● Exercise data:
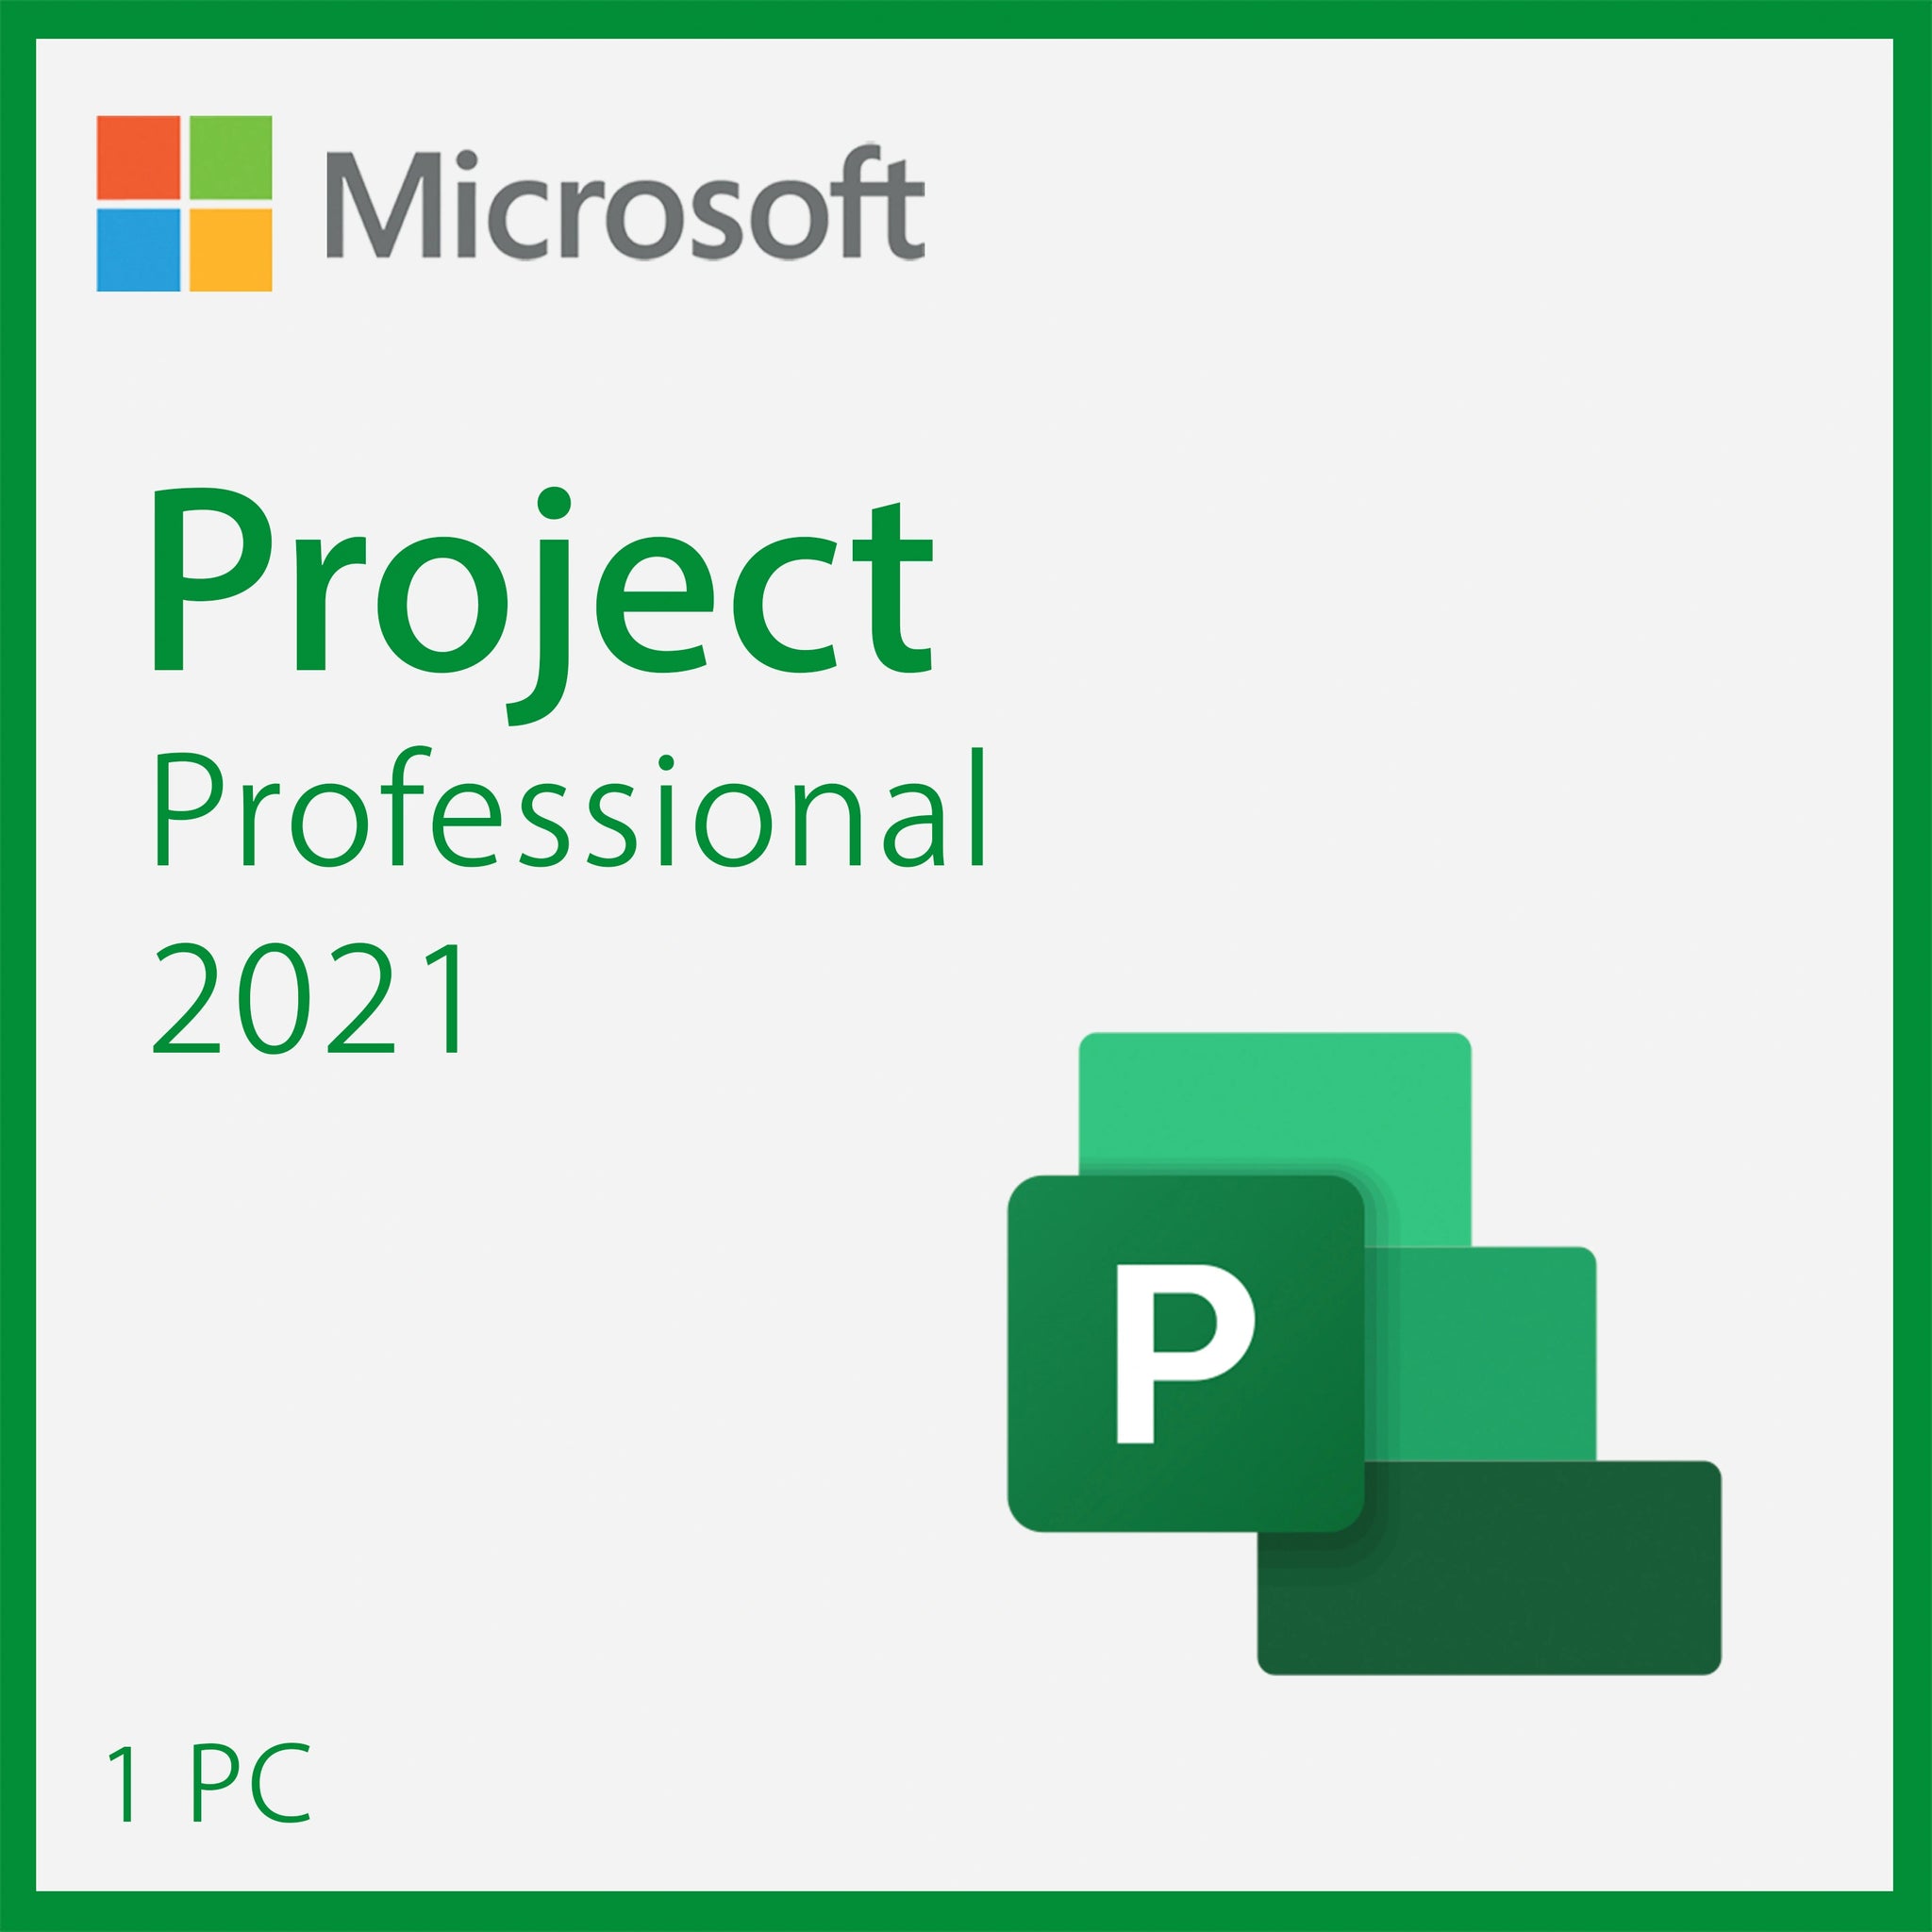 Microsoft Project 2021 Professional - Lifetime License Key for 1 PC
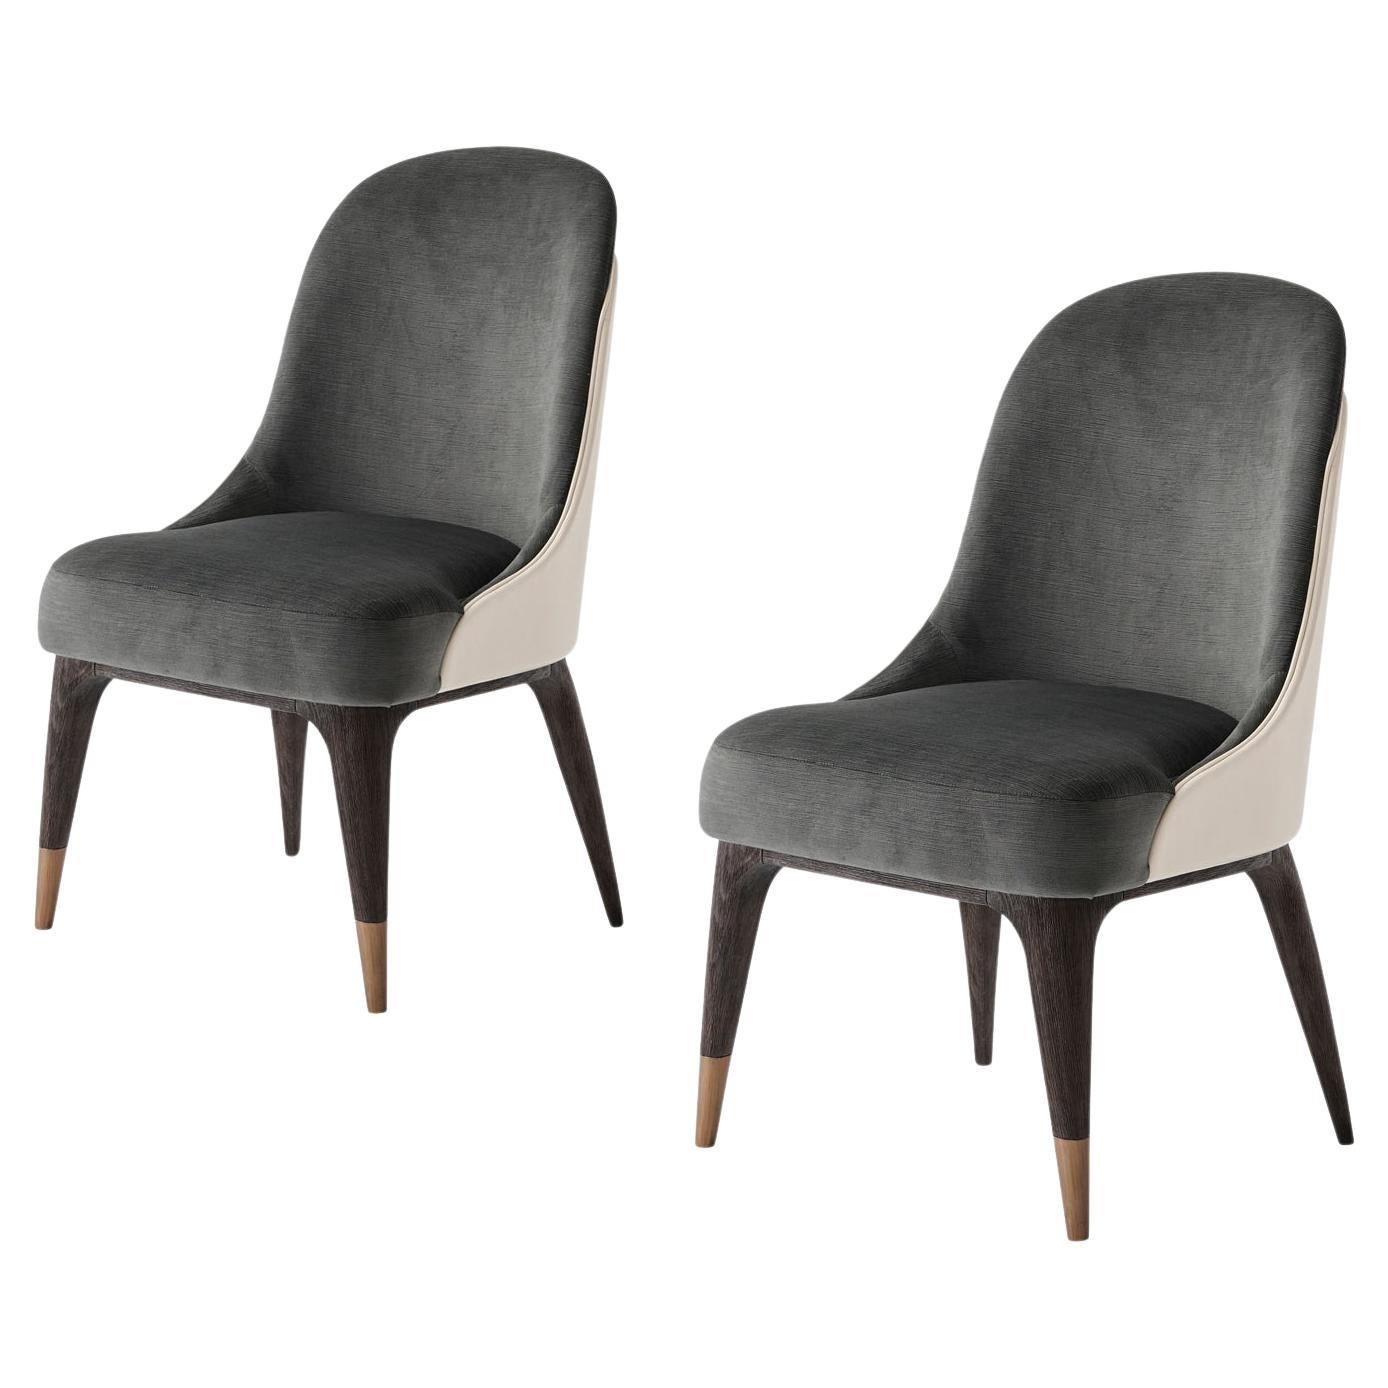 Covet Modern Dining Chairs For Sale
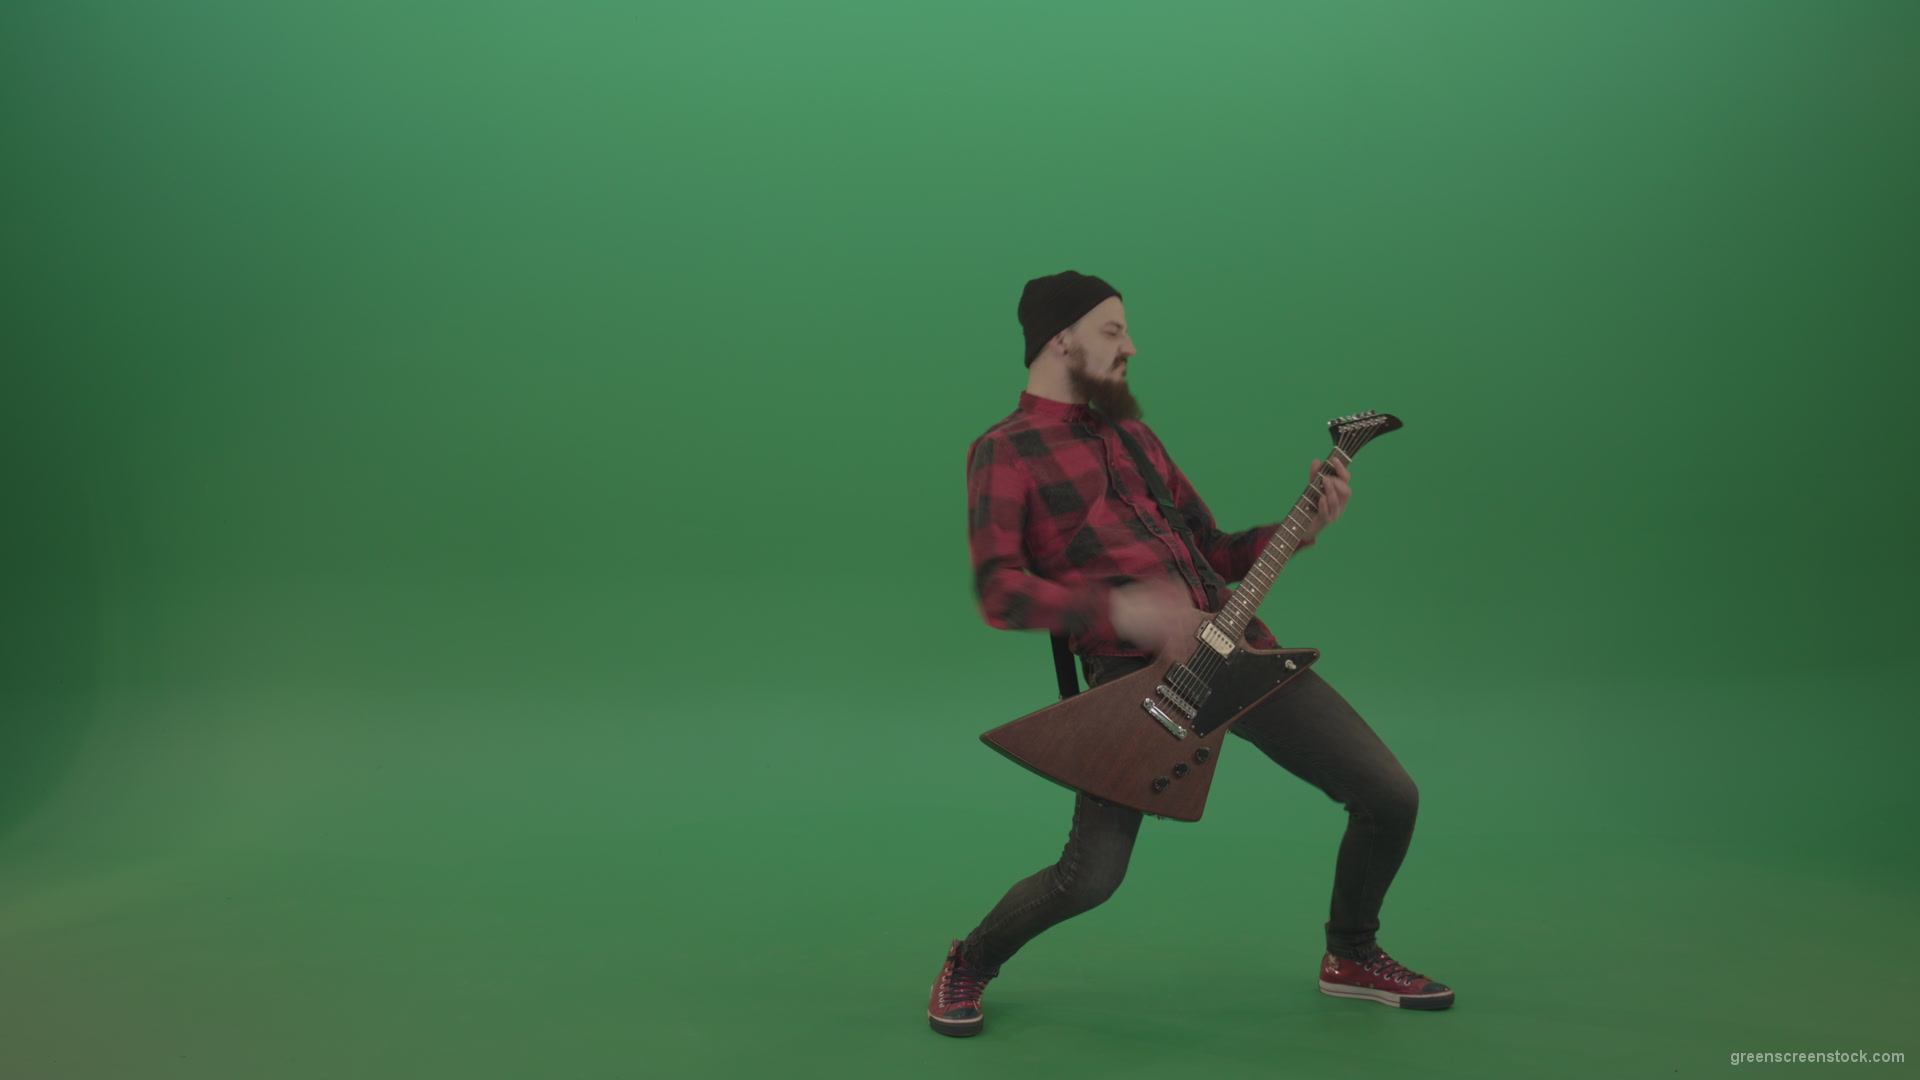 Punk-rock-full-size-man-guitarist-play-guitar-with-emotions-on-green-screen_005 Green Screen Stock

● Task brief: Set the entire listing down again, exact in every line, without any pictures.

● Result for this task:
 Microsoft Project 2021 Professional - Lifetime License Key for 1 PC
 Covet Modern Dining Chairs For Sale
 Punk-rock-full-size-man-guitarist-play-guitar-with-emotions-on-green-screen_005 Green Screen Stock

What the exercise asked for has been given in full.